I am always amazed at how the ancient Church Fathers wrote about the Scriptures. Back at the Gregorian University in the 70s, I really didn’t like Patrology (study of the writings of the Church Fathers), but with age and a deeper study of theology in recent decades, I have come to appreciate it much more.
Here St. Bede talks about not only the external call of St. Matthew, but the internal, invisible calling that he theologizes occurred. In that way, he makes Matthew’s experience of conversion one all of us can relate to in some fashion.
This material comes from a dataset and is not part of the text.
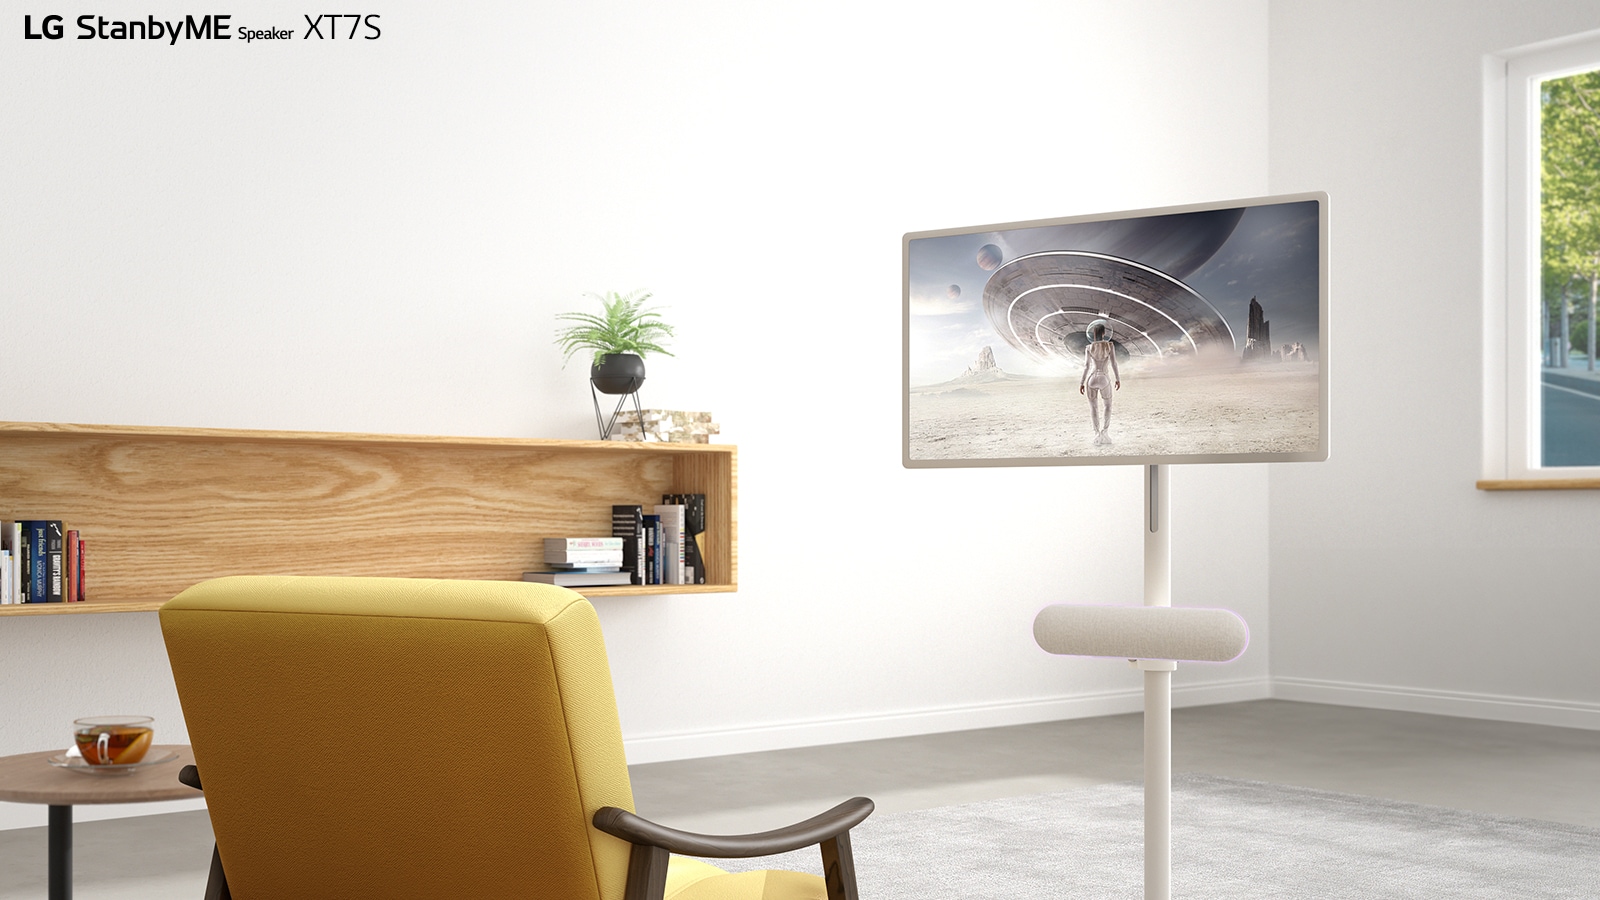 جهاز LG StanbyME موضوع في غرفة المعيشة. توضع LG StanbyME Speaker XT7S تحت الشاشة. تعرض الشاشة فيلم خيال علمي.

True conversion is always a radical change, even if the conversion process is gradual, which for most of us it is. Yet, there are many of us who have experienced what can only be called a minor miracle, a moment in which our lives were wrenched away from a former life and impelled almost toward that which is good, true and holy…. God. As St. Bede says, God at times “infuses” a spiritual grace within us which we find we must follow.